1) Übt ein Steuerpflichtiger mehrere Tätigkeiten aus, so bestimmt sich der Mittelpunkt der Gesamttätigkeit nach deren qualitativem Schwerpunkt. Das Gesamtbild der Tätigkeiten wird dabei durch den Hauptberuf geprägt, wenn dieser inhaltlich mit einer Nebentätigkeit verbunden ist und die Haupttätigkeit weit überwiegt.

2) Der qualitative Mittelpunkt eines Lehrers und nebenberuflichen Schriftstellers liegt in der Schule und damit außerhalb des häuslichen Arbeitszimmers.

 

Normenkette

EStG § 4 Abs. 5 S. 1 Nr. 6b S. 3

 

Tatbestand

Streitig ist die Begrenzung der Abziehbarkeit von Aufwendungen für ein häusliches Arbeitszimmer im Streitjahr 2002.
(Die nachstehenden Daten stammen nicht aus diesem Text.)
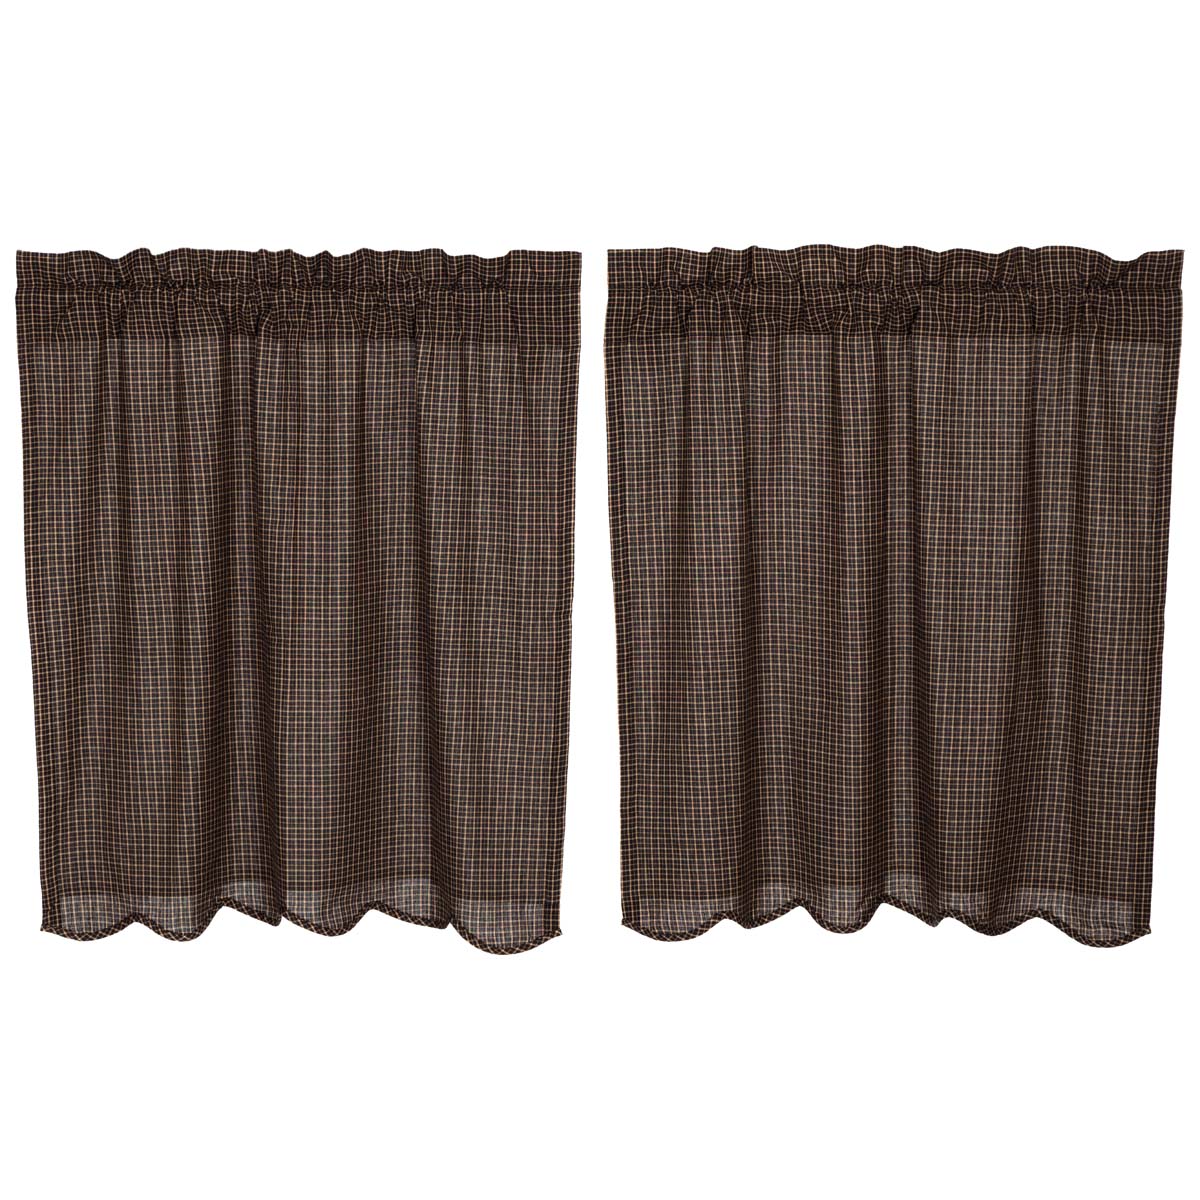 10159-Kettle-Grove-Plaid-Tier-Scalloped-Set-of-2-L36xW36-image-6

Die Kläger werden im Streitjahr als Eheleute zusammen zur Einkommensteuer veranlagt. Der Kläger ist als Berufsschullehrer nichtselbständig tätig. Daneben ist er als Schriftsteller freiberuflich tätig. Insbesondere ist er der Mitverfasser sehr erfolgreicher Schulbücher.
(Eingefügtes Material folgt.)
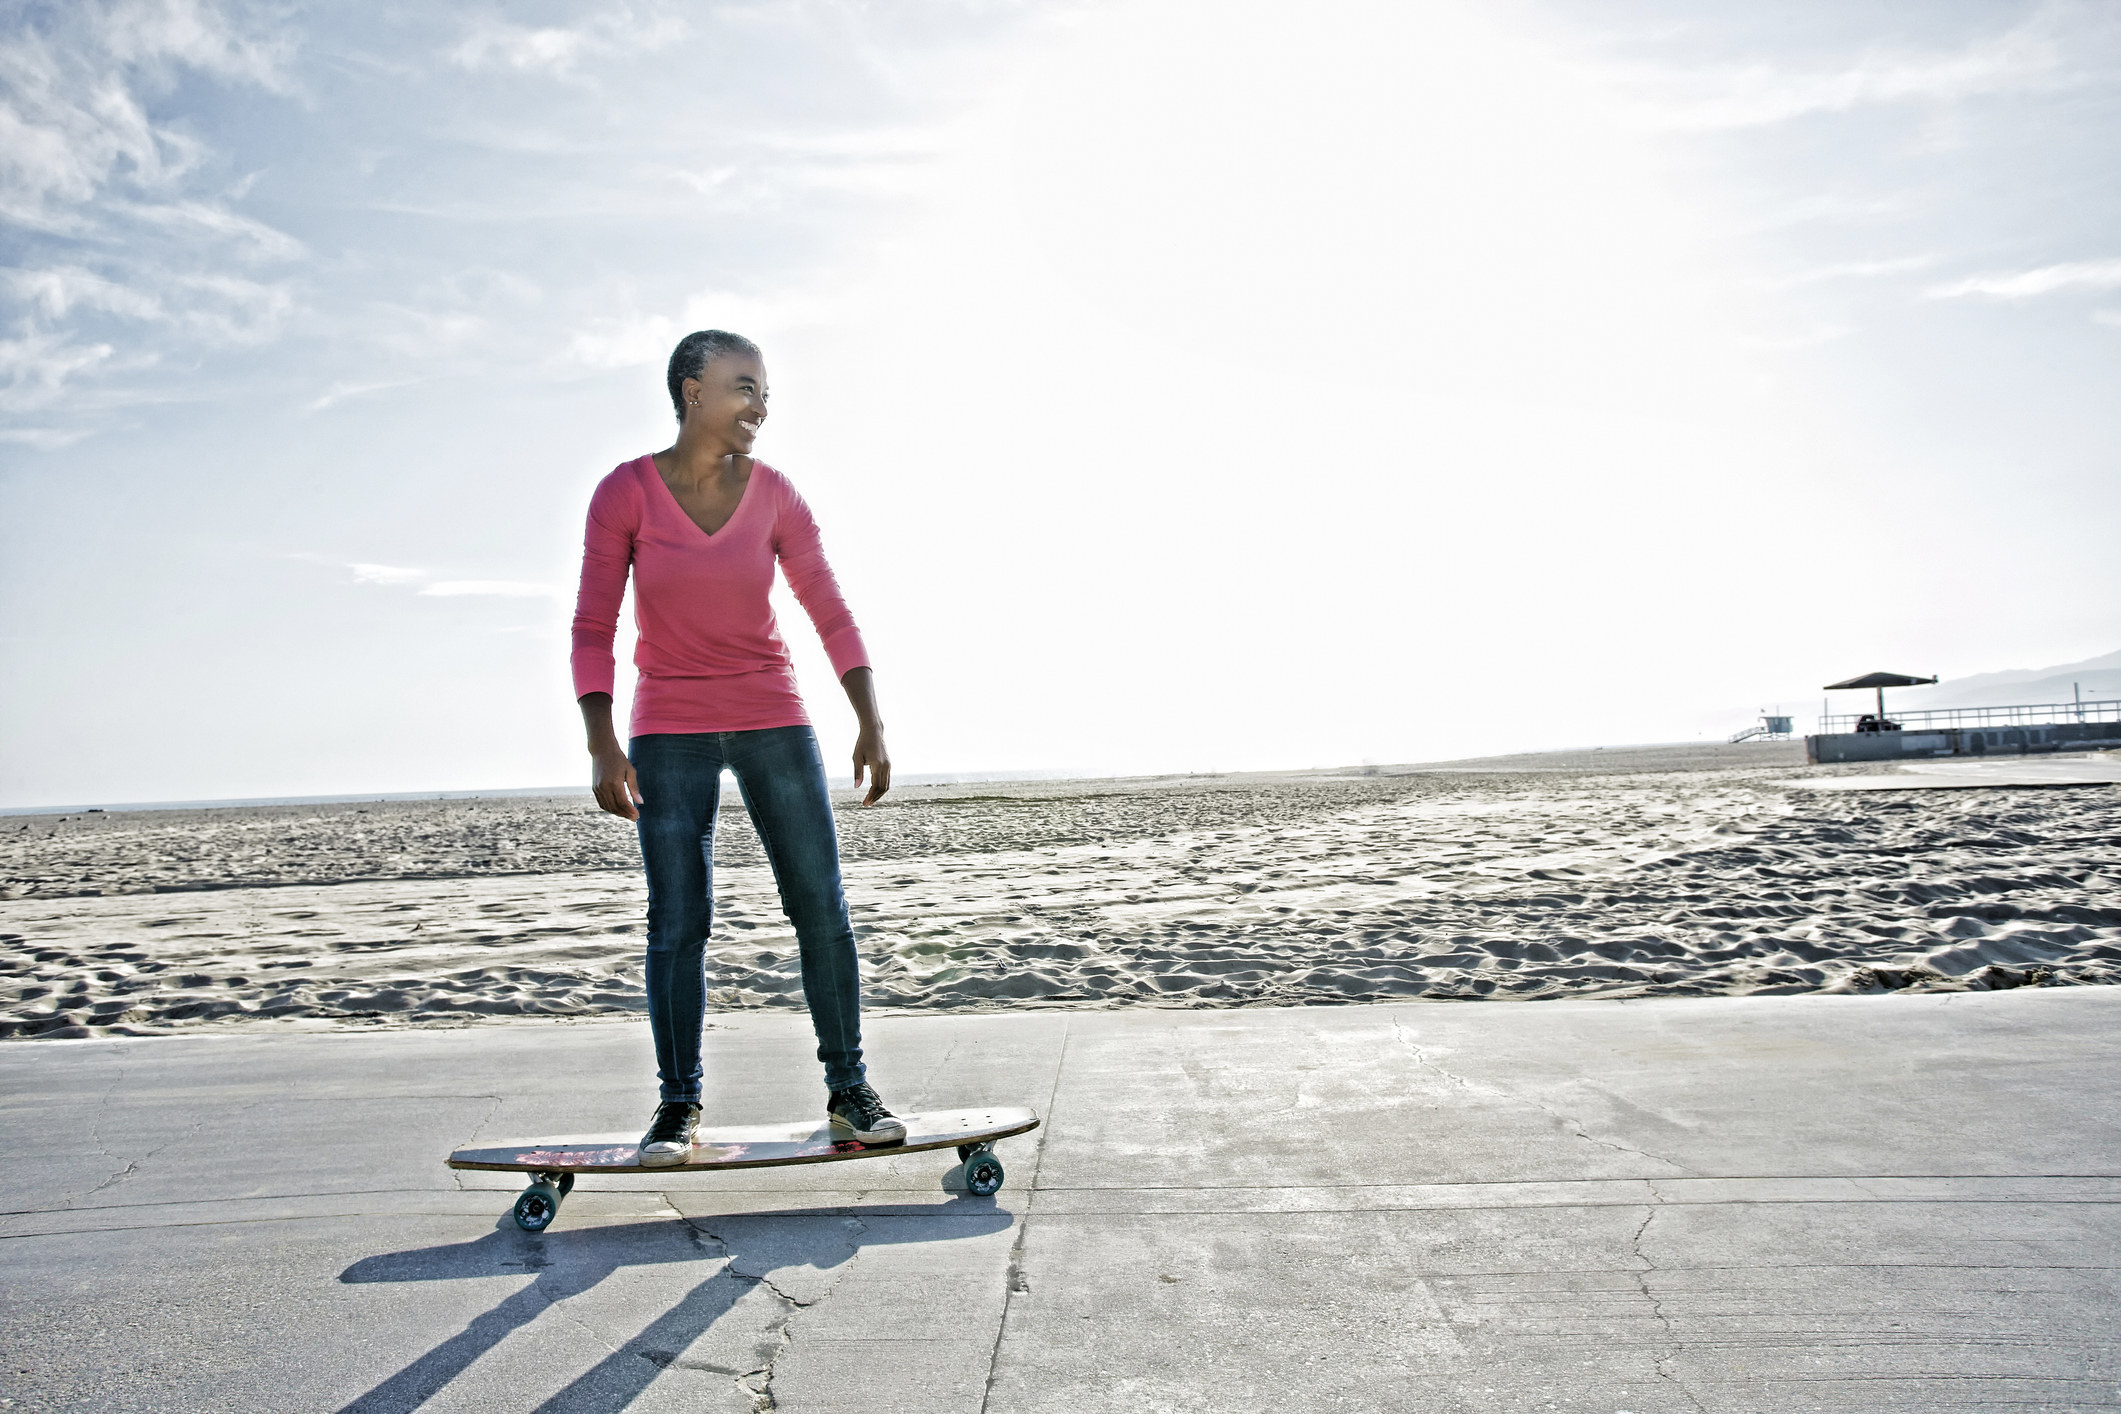 Smiling woman on a skateboard

Die Kläger machten in der Einkommensteuererklärung 2002 bei den Einkünften aus selbständiger Tätigkeit i.S.d. § 18 Einkommensteuergesetz (EStG) Aufwendungen in Höhe von 3.659,61 Euro für zwei Arbeitszimmer als Betriebsausgaben geltend. Der Beklagte berücksichtigte im Rahmen der Einkommensteuerfestsetzung durch Bescheid vom 9.7.2003 nur Betriebsausgaben in Höhe von insgesamt 1.250 Euro. Die Einkommensteuerfestsetzung erging hinsichtlich der Kosten der Arbeitszimmer gemäß § 165 Abs. 1 Abgabenordnung (AO) vorläufig.

Die Kläger haben am 22.7.2003 Einspruch eingelegt und im Einspruchsverfahren auf die Begründung des für das Jahr 1997 bereits anhängigen Nichtzulassungsbeschwerdeverfahrens beim BFH verwiesen. Das Einspruchsverfahren hinsichtlich des Streitjahres ist deshalb zum Ruhen gebracht worden.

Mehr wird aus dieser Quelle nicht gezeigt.